10000 10000_avscvdfail Status OK, AVS Street and Zip fail, card security code fail
10000 Is default: supply no configID value. Status OK, AVS Street and Zip pass, card security code pass (AVS and CSC fields supplied in the request)
10000 Is default: supply no configID value Status OK, AVS Street and Zip unavailable, card security code unavailable (used only required fields in the xml request)
For example, in the following request, a credit card charge transaction is requested, with the NameOnCard tag set to generate an insufficient funds error:

<QBMSXML>
<QBMSXMLMsgsRq>
<CustomerCreditCardChargeRq>
<TransRequestID>02B123451</TransRequestID>
<CreditCardNumber>5555555555554444</CreditCardNumber>
<ExpirationMonth>12</ExpirationMonth>
<ExpirationYear>2008</ExpirationYear>
<Amount>130.00</Amount>
<NameOnCard>configid=10400_insufffunds</NameOnCard>
</CustomerCreditCardChargeRq>
</QBMSXMLMsgsRq>
</QBMSXML>

  • QBMS Resources:  https://developer.intuit.com/qbms/support/?id=1026
PHP QBMS EXAMPLE

4 thoughts on “PHP QBMS EXAMPLE

  • October 6, 2009 at 4:43 pm
    Permalink

    Thanks for the great information! I am attempting this same process, and I’ve gotten as far as receiving the two certificates from Intuit. But now, after trying to implement them on my server and using a PHP script to call Intuit’s server, I get this error:

    Error = error:14094418:SSL routines:SSL3_READ_BYTES:tlsv1 alert unknown ca

    Ever seen this error before, or do you have any idea what it means?

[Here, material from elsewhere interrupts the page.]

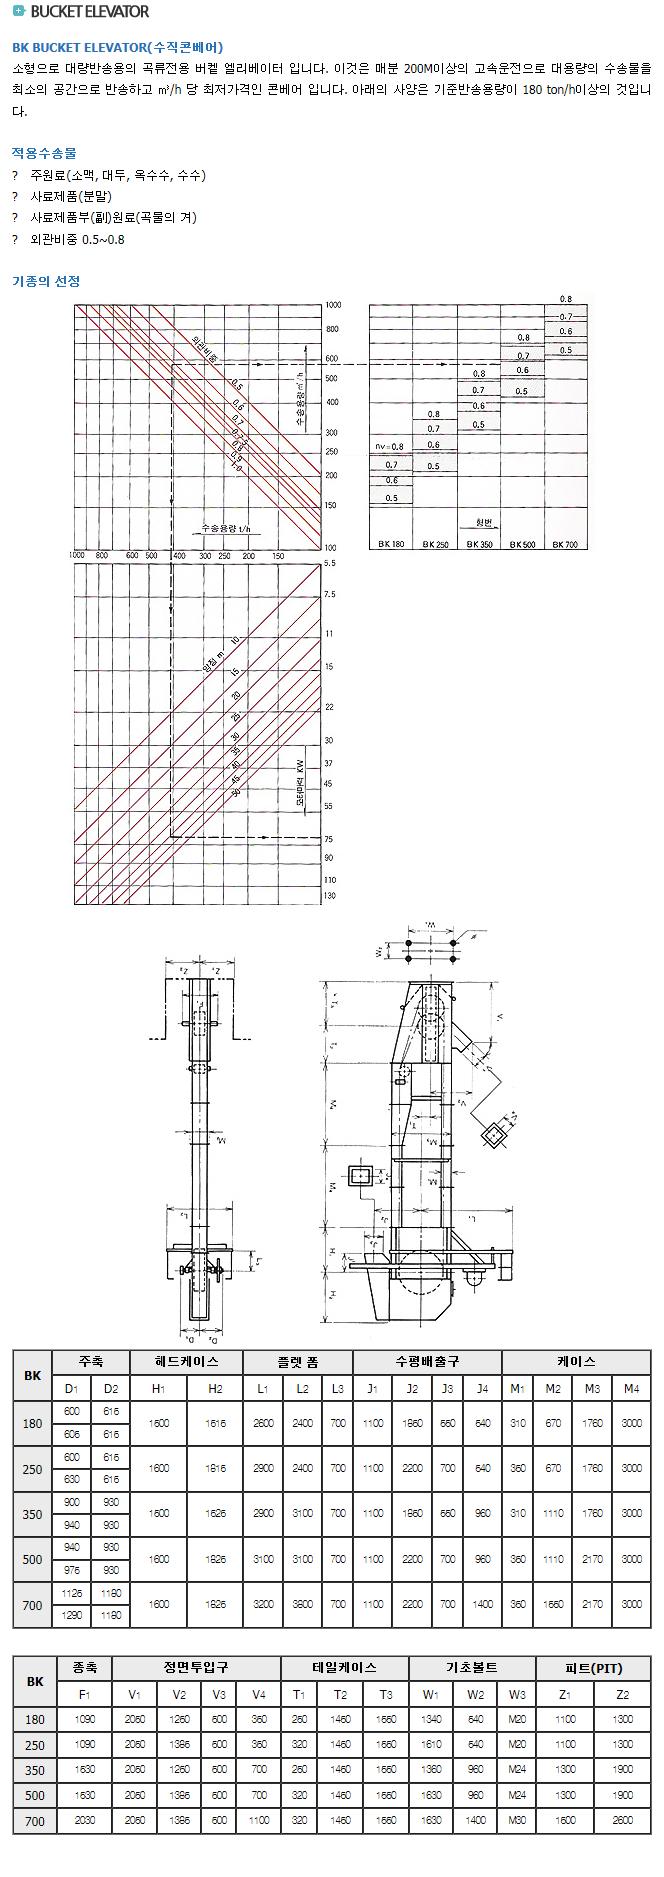 대성제이테크 Bucket Elevator C/V  2

  • October 15, 2009 at 4:41 pm
    Permalink

    Thanks for this post Eon. I’ve spent many hours trying to piece together some of the steps you have laid out here.
    Thanks,
    Adam

  • October 25, 2009 at 12:37 am
    Permalink

    Added note: You’ll need to actually set up a production server to test the address verification. Which is kind of painful to see 10+ 2 cents charges on your test credit card. The time out thing was also annoying. If you have 2 credit card submission from the same user, it’s treated as one. I had to send something different, dont remember now.

    Sometimes the AVS verfication is not avilable, you have to decide to pass or deny the transaction.

  • February 1, 2010 at 4:41 pm
    Permalink

    I couldn’t seem to get QBMS to post to my script. I could do it manually, but that is where it ended. Since this was only going to be for our own company use I really only need to get the connection ticket a couple of times. So when I went to appreg and registered my application, I set it to a desktop app first. This gave me my connection ticket. I then set it back to a web application. This allowed my to set up my php script to submit payments and get any error messages back without a problem.